[TRY IT]:
A verbatim repeat of the lines below is required, with the pictures removed.

[GIVEN INFORMATION]:
^^^^^^^^^^^^^^^^

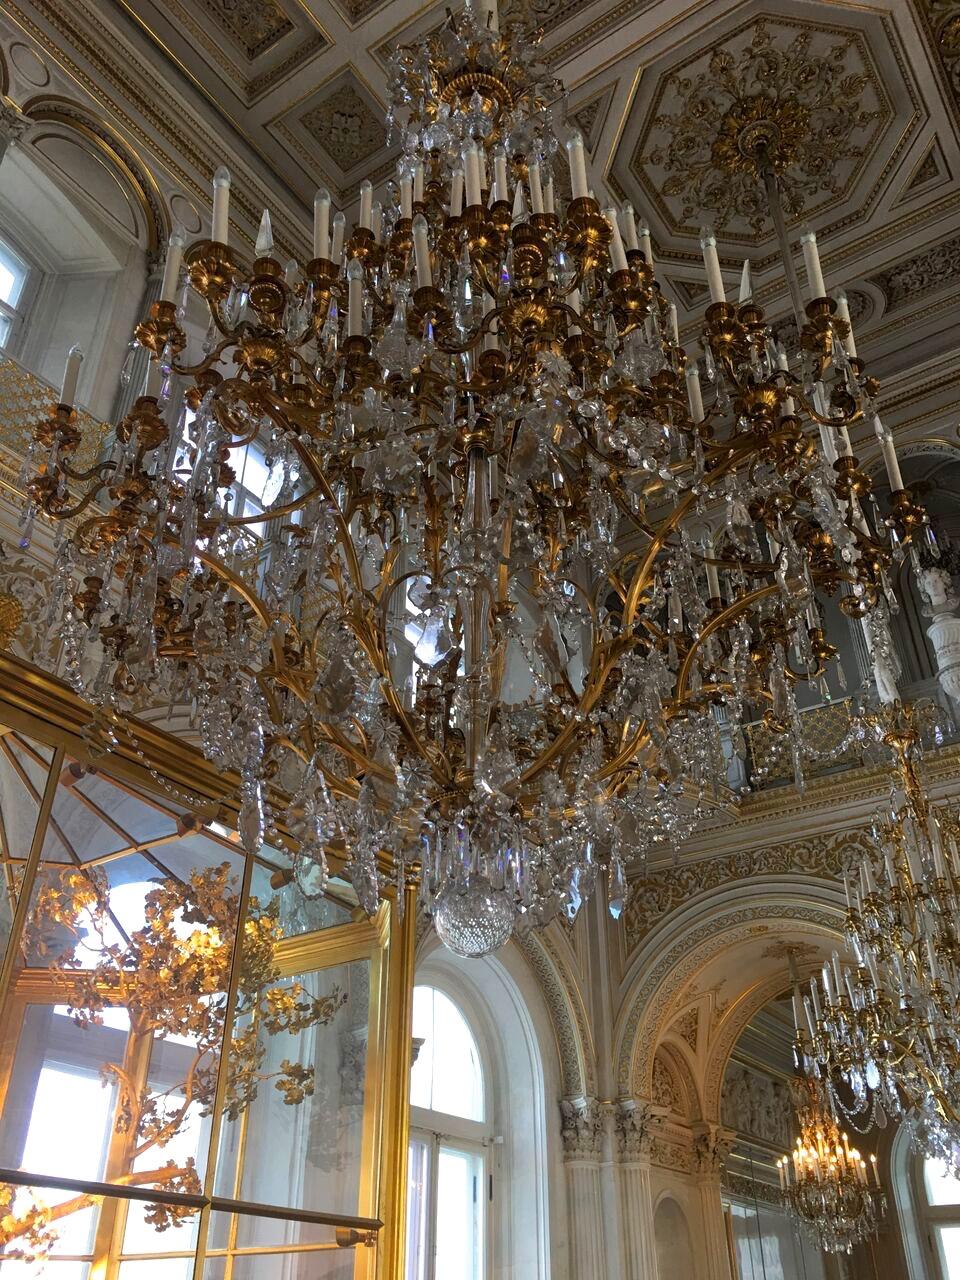 Teri_St.Petersburg_Hermitage_day2_spiritedtable_photo17.jpg
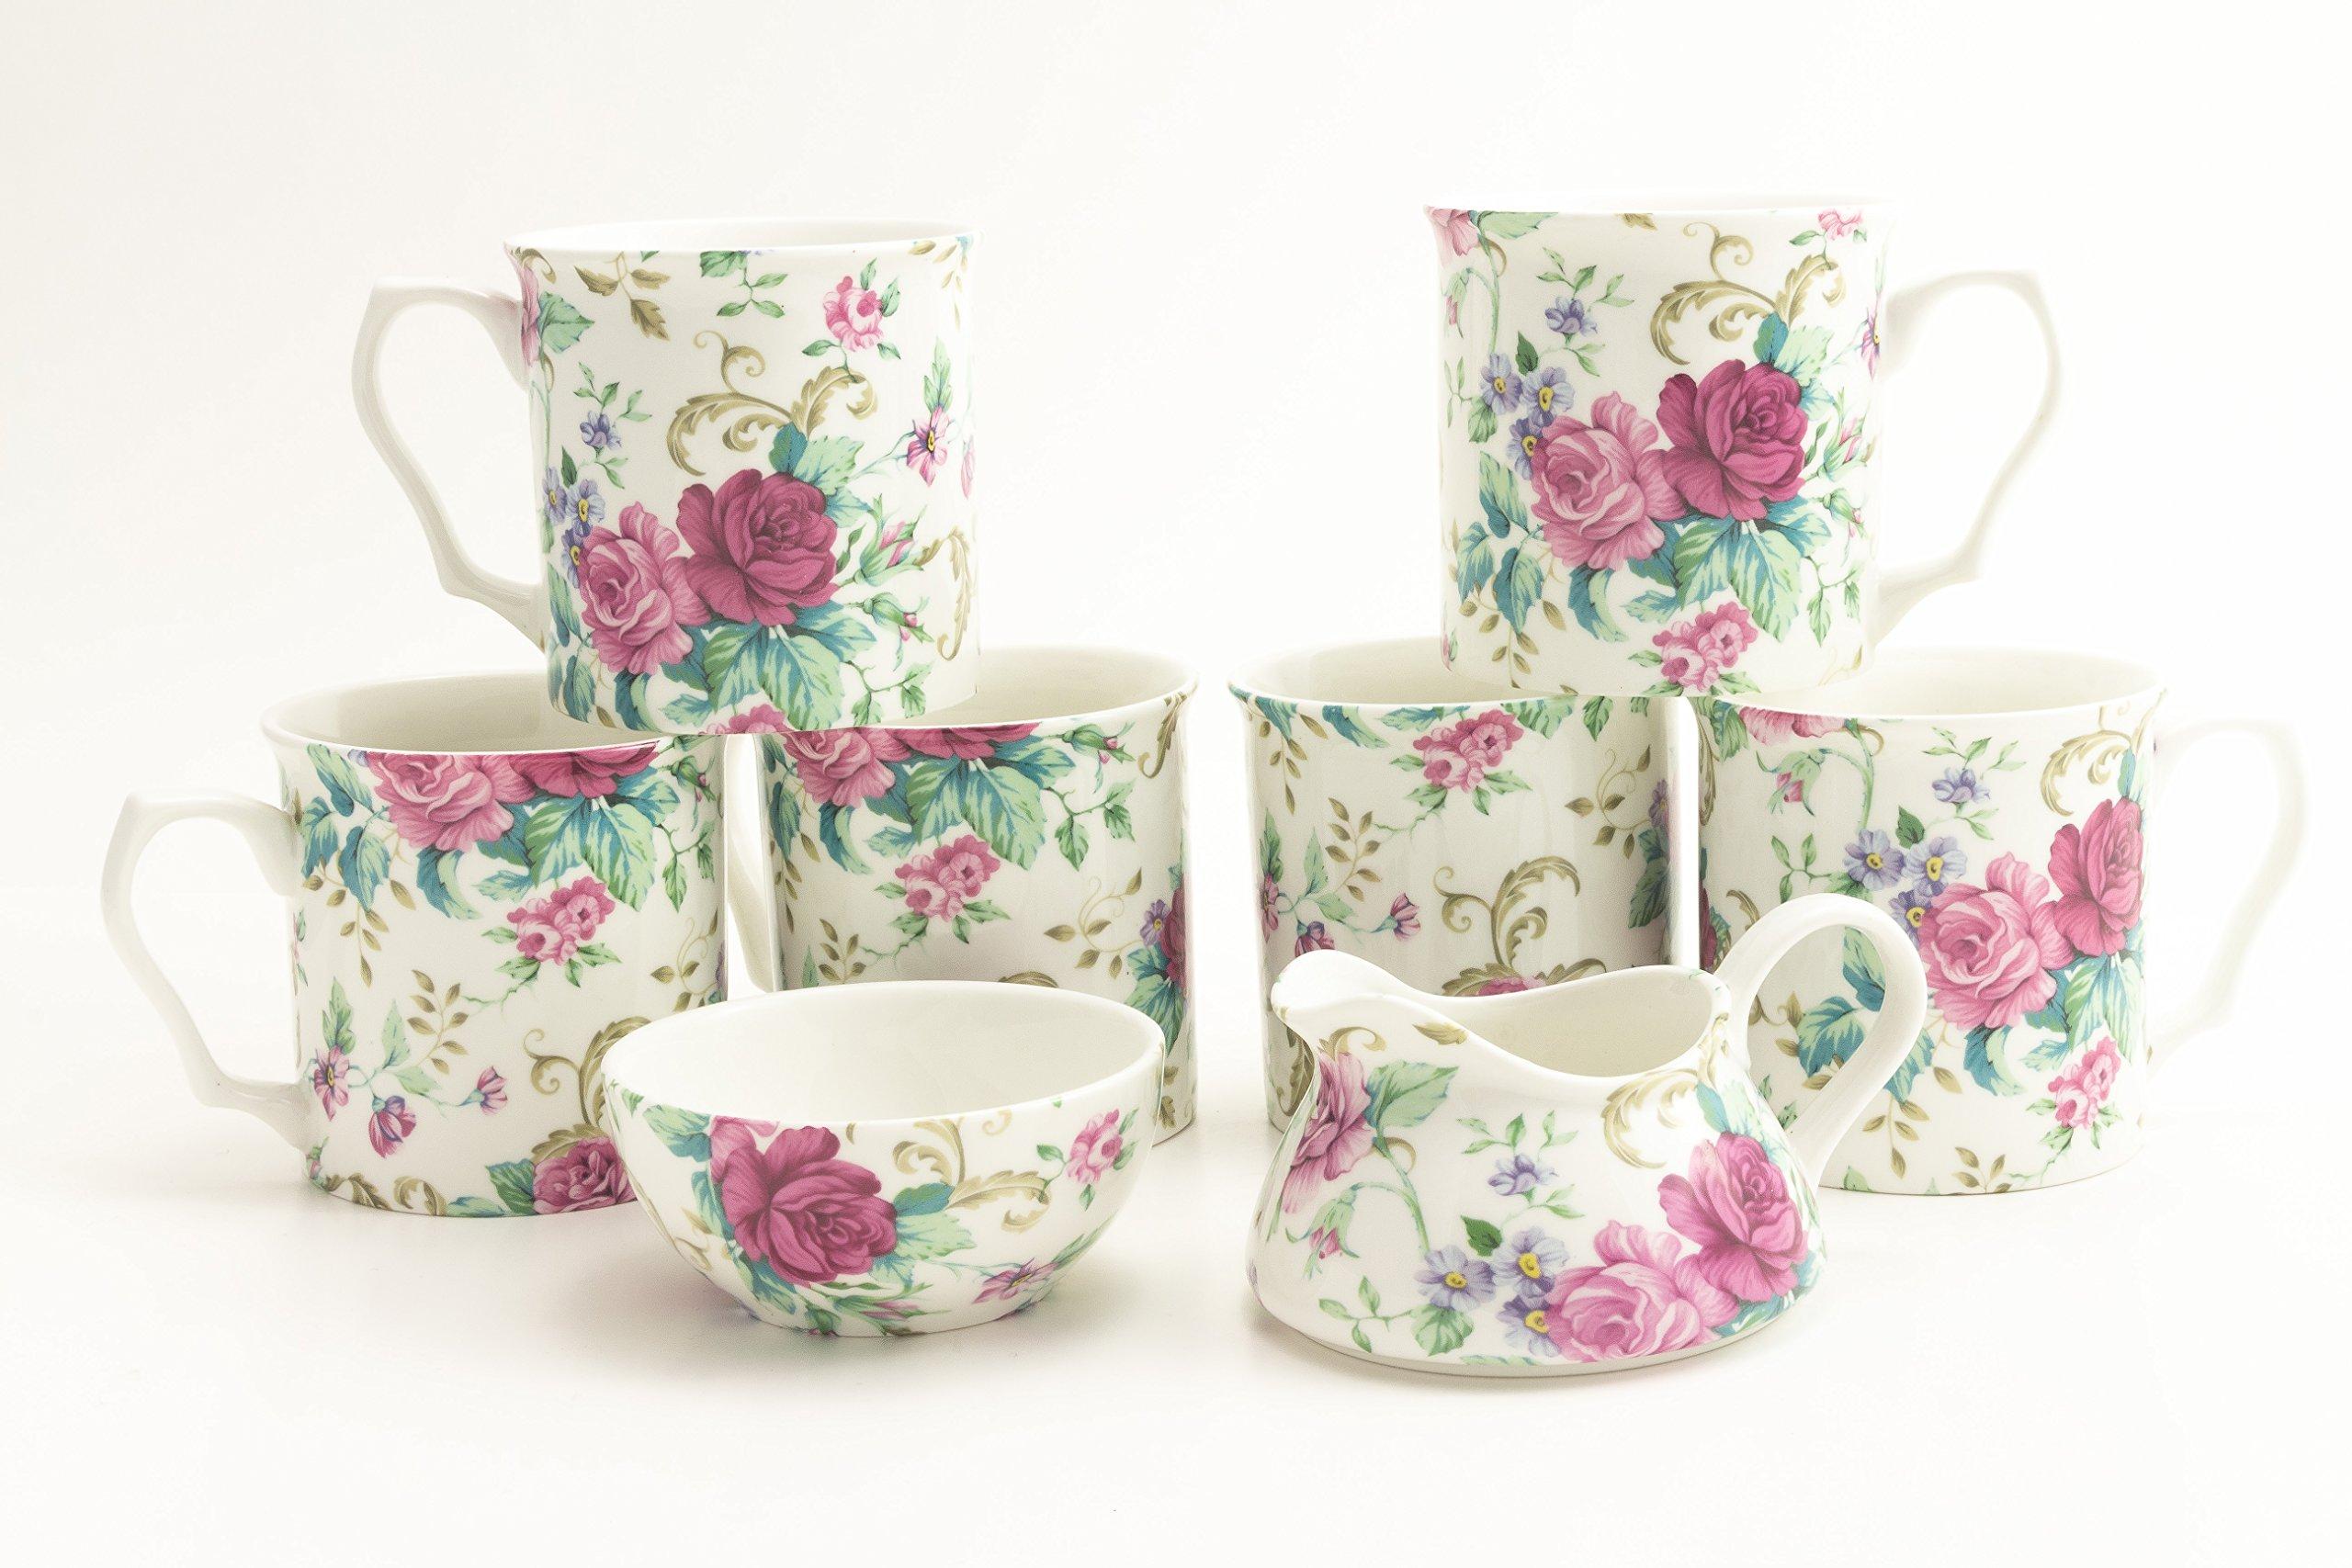 Country Roses Porcelain Gift Set - 6 Porcelain Mugs, 1 Sugar Bowl & Cream - by Shannonbridge Ireland
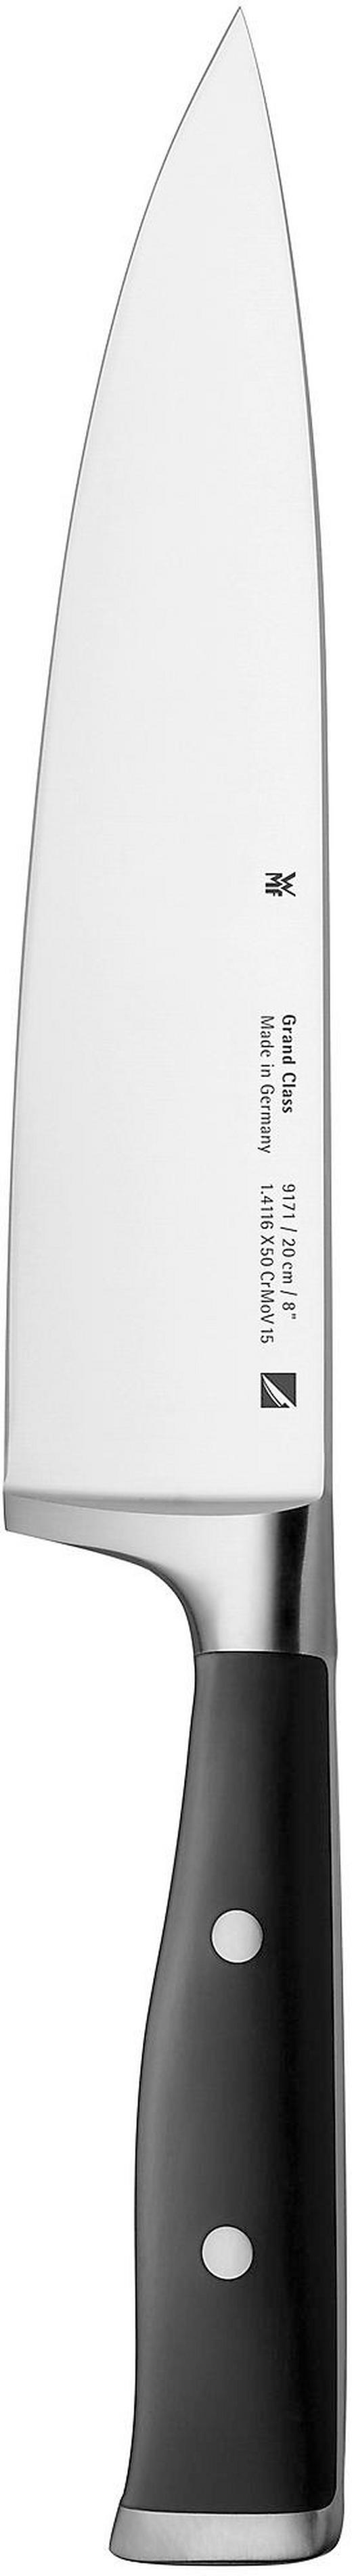 KOCHMESSER  Stahl  35 cm - Edelstahlfarben/Schwarz, Basics, Kunststoff/Metall (35cm) - WMF
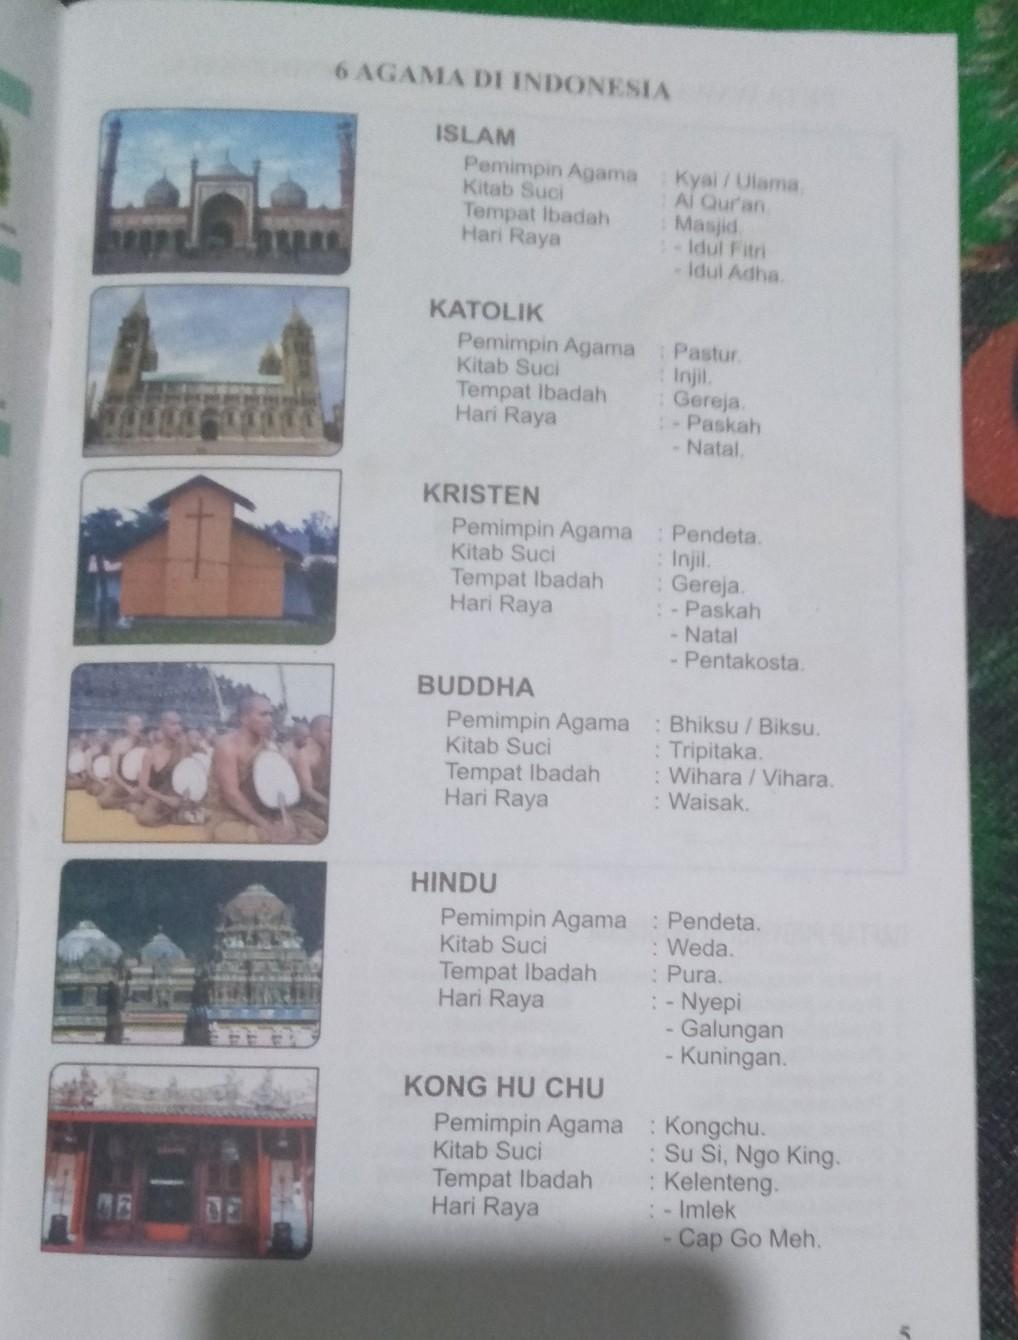 Nama Hari Besar Agama Islam : besar, agama, islam, Gambar, Tempat, Ibadah,nama, Kitab,hari, Besar,dan, Agama, Indonesia, Brainly.co.id

^^^^^^^^^^^^^^^^

[SOLUTION TO THIS TASK]:
 Teri_St.Petersburg_Hermitage_day2_spiritedtable_photo17.jpg
 Country Roses Porcelain Gift Set - 6 Porcelain Mugs, 1 Sugar Bowl & Cream - by Shannonbridge Ireland
 KOCHMESSER  Stahl  35 cm - Edelstahlfarben/Schwarz, Basics, Kunststoff/Metall (35cm) - WMF
 Nama Hari Besar Agama Islam : besar, agama, islam, Gambar, Tempat, Ibadah,nama, Kitab,hari, Besar,dan, Agama, Indonesia, Brainly.co.id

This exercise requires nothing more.